OCC is an ideal choice for decoupling CC, as it requires only slight modifications to the transaction commit process, which sends the read and write sets of transactions to CCaaS for conflict resolution.
General Process:
- Execution layer read data from storage node
- Execution layer to CCaaS: Transaction info with readset and writeset
- Conflict resolution in CCaaS, then make transaction decisions
- CCaaS send back decisions to the execution layer and push log to the storage node
- Storage node applies logs
Design
CCaaS Overview
In CCaaS:
- Each node maintains several shards of committed transaction metadata
- Each node acts as a master, allowing nodes to manage transaction conflicts independently
- Nodes receive read and write sets (referred to as transactions) and partition them based on a sharding strategy, routing subtransactions to corresponding nodes for conflict resolution.
Sharded Multi-Write OCC
- CCaaS divides physical time into epochs
- Each node collects read and write sets (transactions) and packs them at epoch granularity based on the reception time
- Each transaction is identified by the commit sequence number (CSN)

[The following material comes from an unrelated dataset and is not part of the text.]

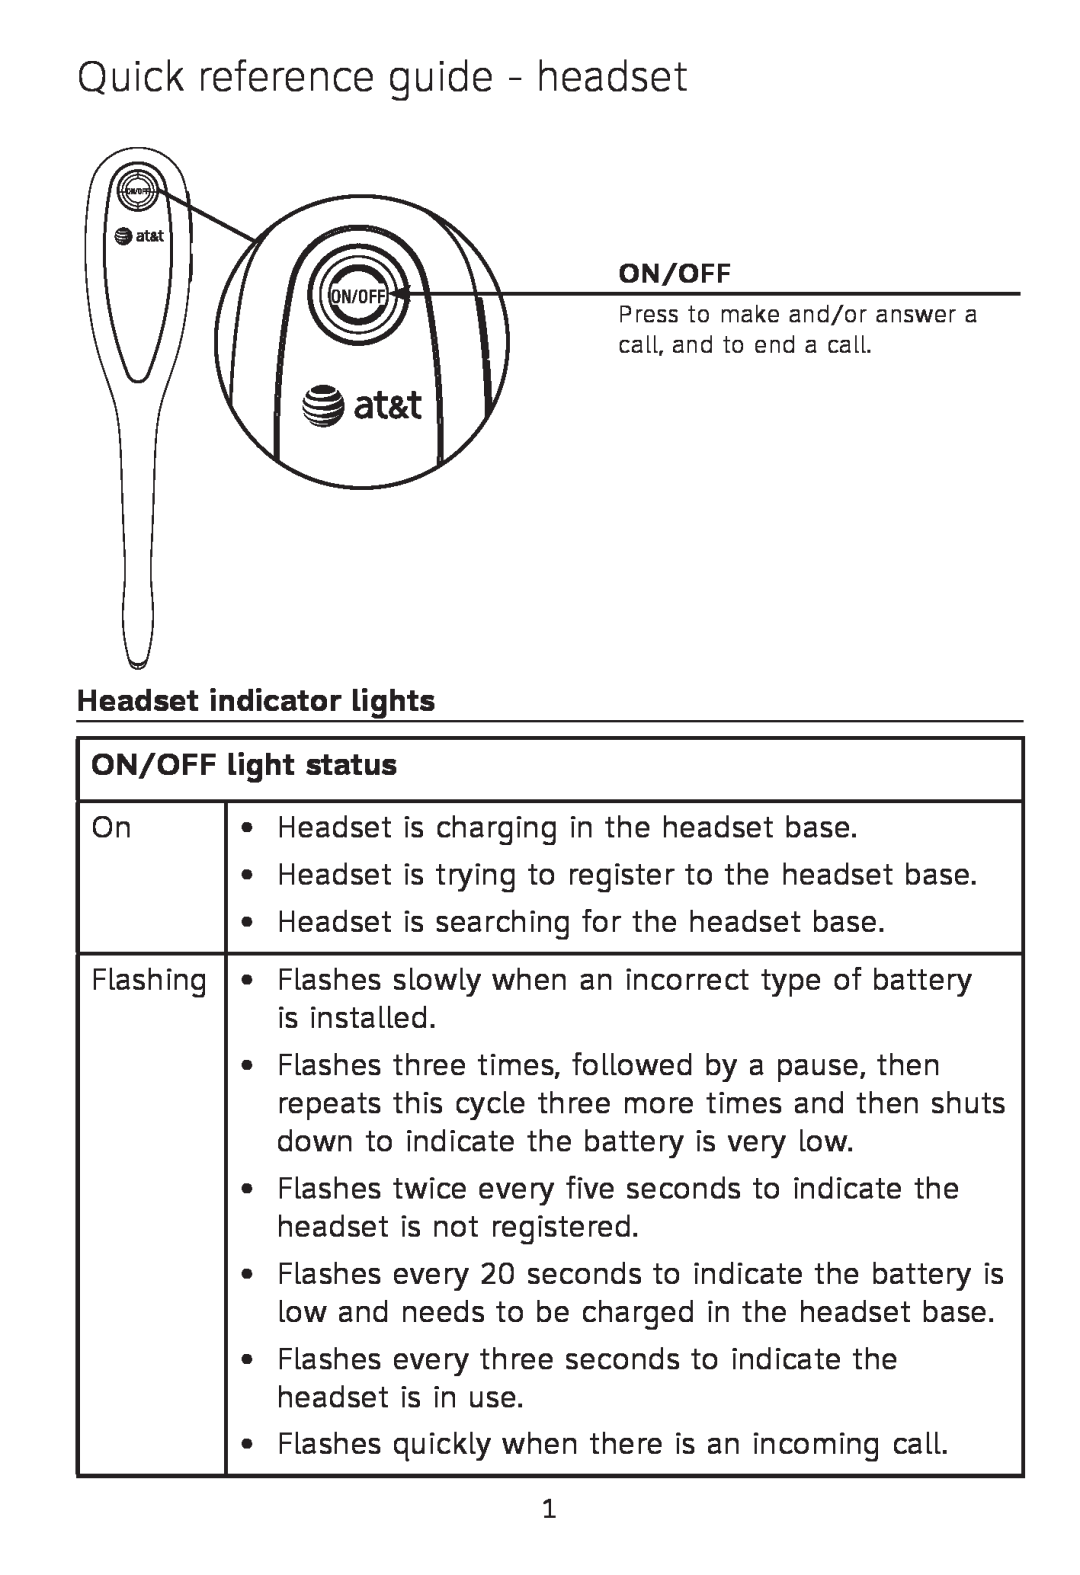 AT&T TL7612 quick start Quick reference guide - headset, Headset indicator lights ON/OFF light status

- The CSN of a transaction is composed of
local time
+node id
- The CSN of a transaction is composed of
- Nodes synchronize transactions with each other at epoch granularity, and operate in an epoch manner
SM-OCC’s procedure:
- Read Set Validation
- Write Set Validation
Read Set Validation
Validate the read sets of locally received transactions based on snapshot $i$
One specific problem:
A transaction (T1) atomically updates two separate items (e.g., X
and Y
) in the CCaaS layer. CCaaS then sends these two updates to the physical storage layer. Because the storage might apply these updates one by one (X
first, then Y
), a brief window exists where the physical data is inconsistent (e.g., X
is new, but Y
is still old). If another transaction (T3) reads from storage during this exact window, it sees a “torn” or “half-done” state that should never logically exist.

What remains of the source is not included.